The surface warships of tomorrow may have strange new shapes or be made of advanced new materials, but more important will be the amount of power they can generate, Navy scientists said Wednesday.

“Energy, energy, energy,” said Cmdr. Anthony Nickens, a ships program coordinator with the Office of Naval Research. The power-hungry weapons and sensors of future warships will need much more juice than today’s plants can provide. But the turbines, drive shafts and propellers in conventionally powered warships now use about 90 percent of the ships’ power, Nickens said.

That means engineers don’t have much room to add advanced high-energy weapons — including rail guns and lasers — to the conventionally powered ships now in service. Designers need to rethink new warship classes from the keel up, Nickens said, and figure out how to push the ships through the water at the same time they’re providing more electricity to the accessories.

Nickens spoke at ONR’s annual Science and Technology conference in Washington, along with Rich Carlin, head of Sea Warfare Development for ONR, in a session Wednesday dedicated to novel warship designs and technologies. Such innovation isn’t just desirable for its own sake, he said, but as the Navy spends more time fighting close to shore, ships will need better defenses as terror groups or irregular forces get hold of destructive anti-ship missiles.

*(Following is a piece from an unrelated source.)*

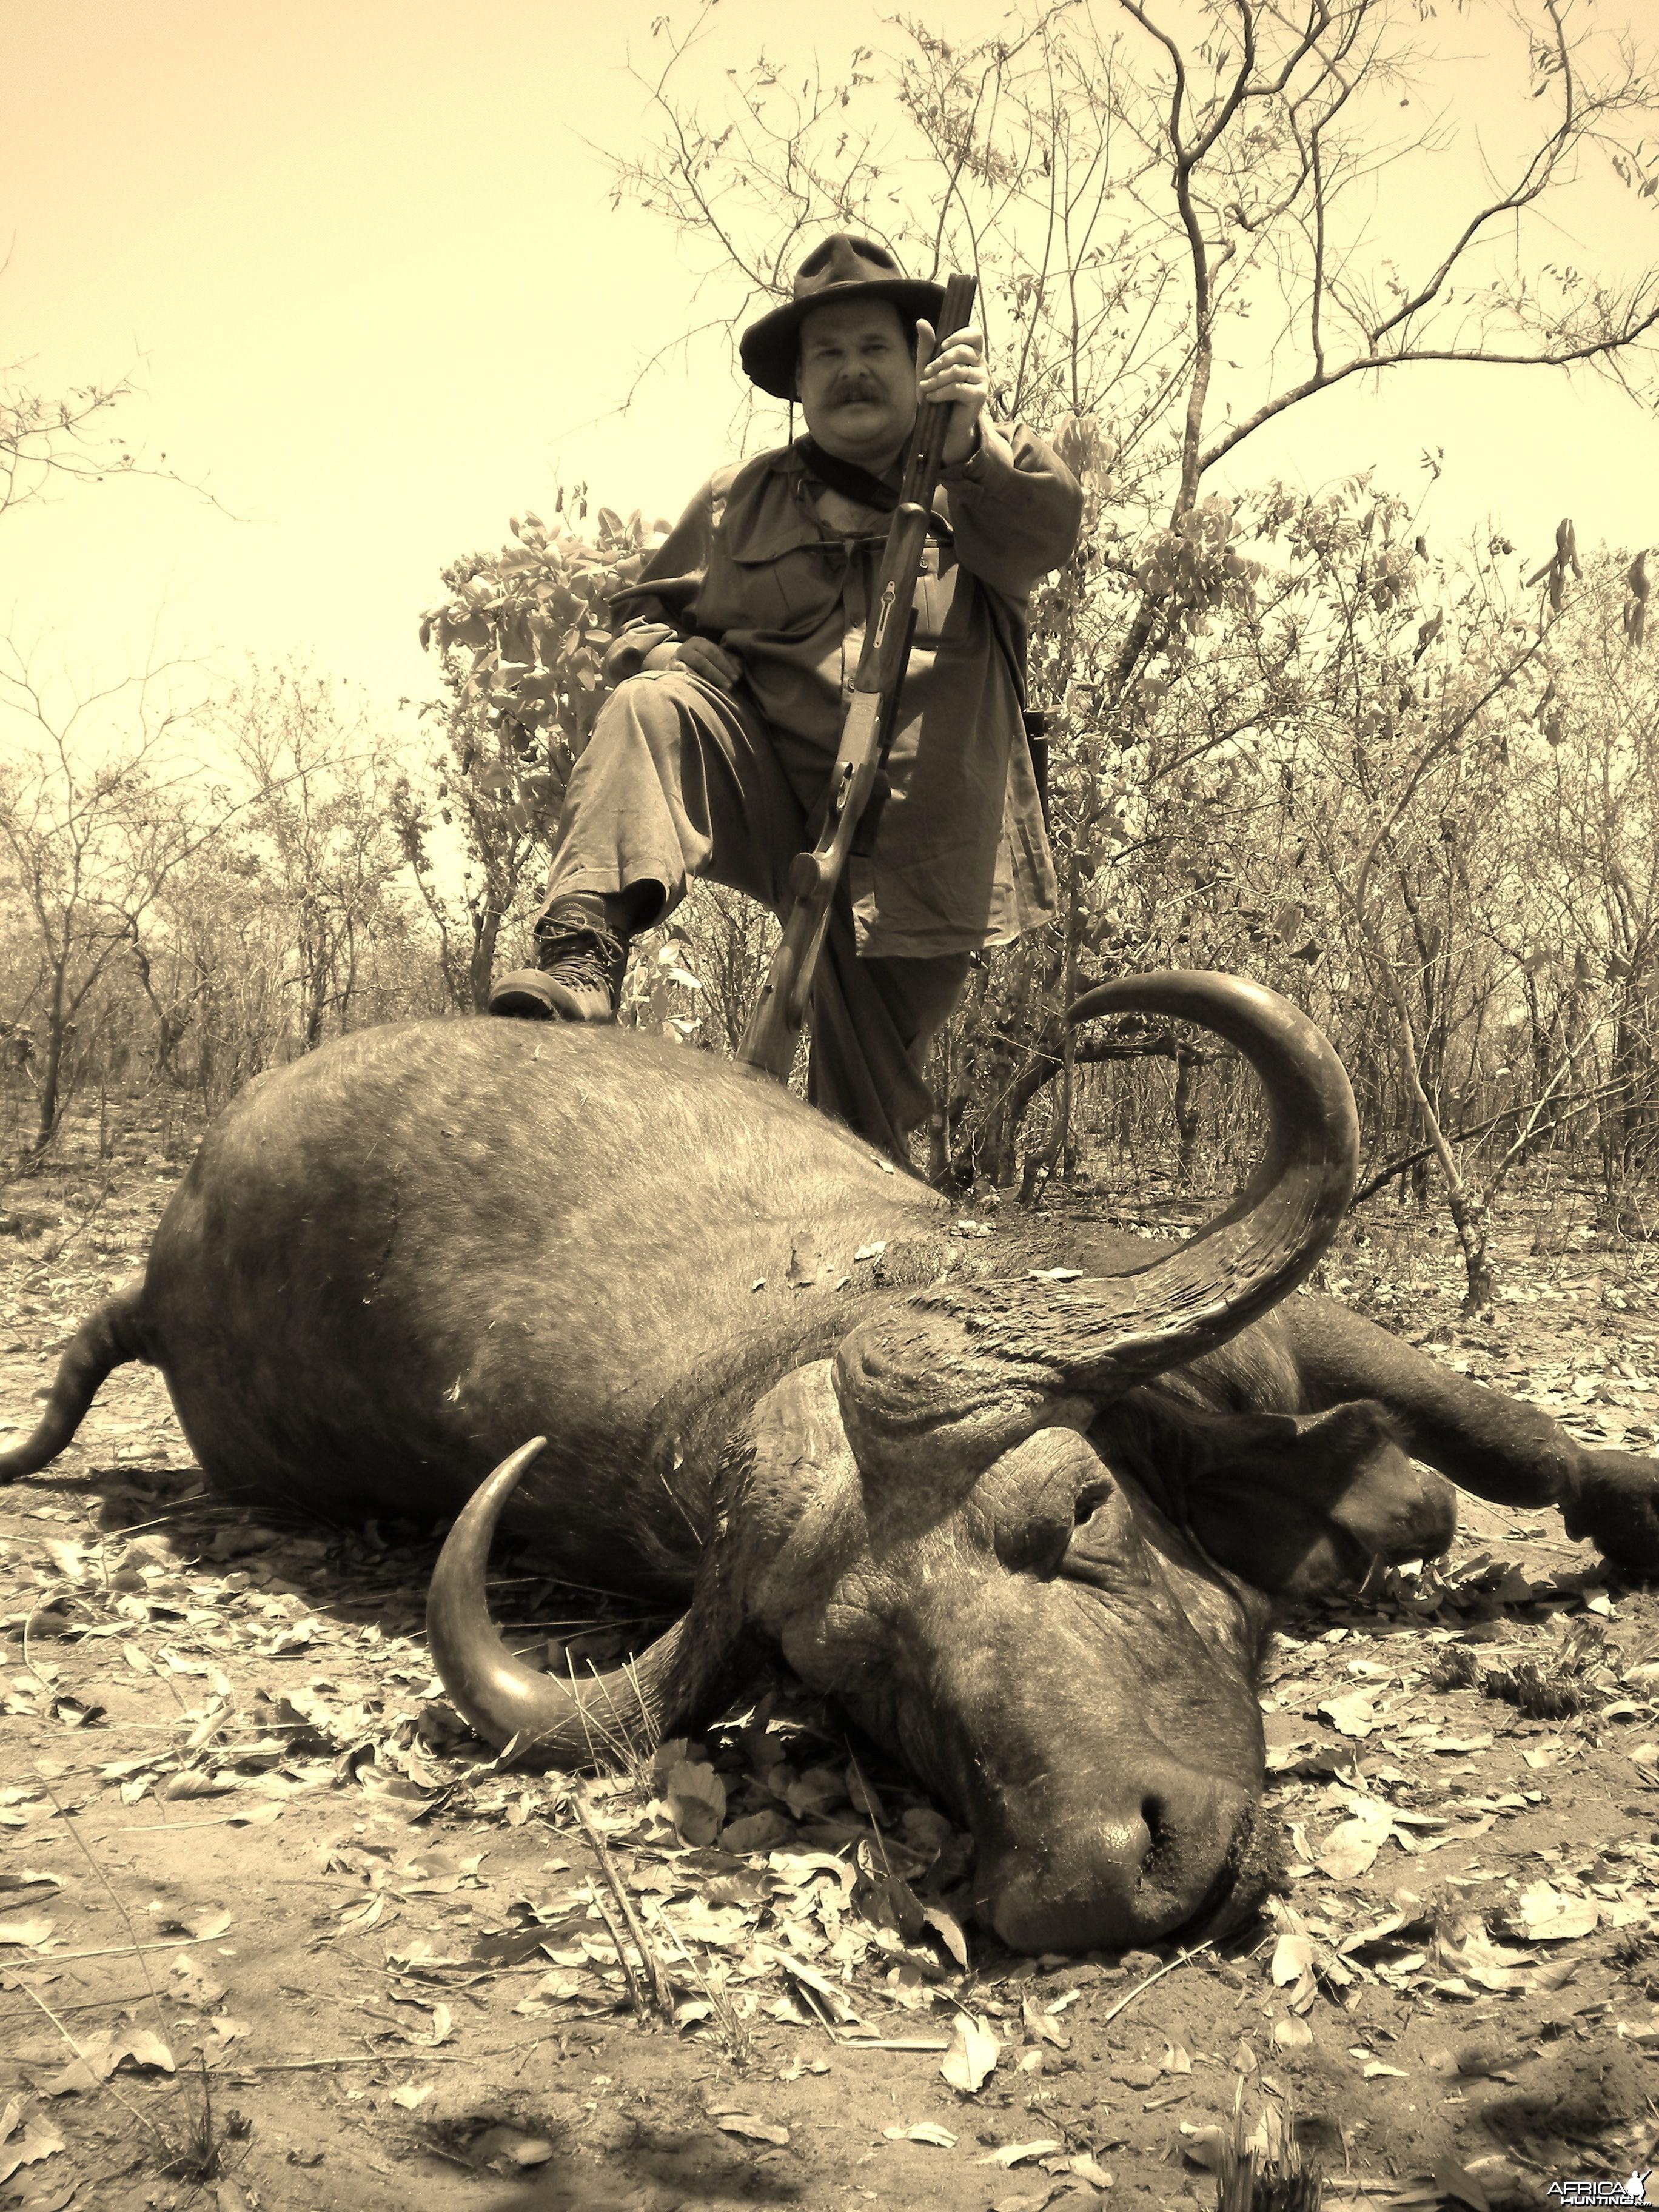 Buffalo shot two days ago in Zimbabwe

Of late, the Navy has placed more emphasis on the missile threat from nonstate forces, as epitomized by the 2006 attack in which the terror group Hezbollah damaged an Israeli gunboat with a C-802 cruise missile. Navy acquisitions officials cited that attack, along with the general importance of air defense, as a reason for canceling five planned Zumwalt-class destroyers in favor of restarting production of older Arleigh Burke-class destroyers.


Rest of article at: http://www.navytimes.com/news/2008/08/navy_shippower_081308p/



uhc comment: No, the reason the LCS program was canceled is because these destroyers cost over $5,300,000,000 a pop. If you include development costs, each one of these bad boys cost over $10,000,000,000+ (that's 10 billion) a pop.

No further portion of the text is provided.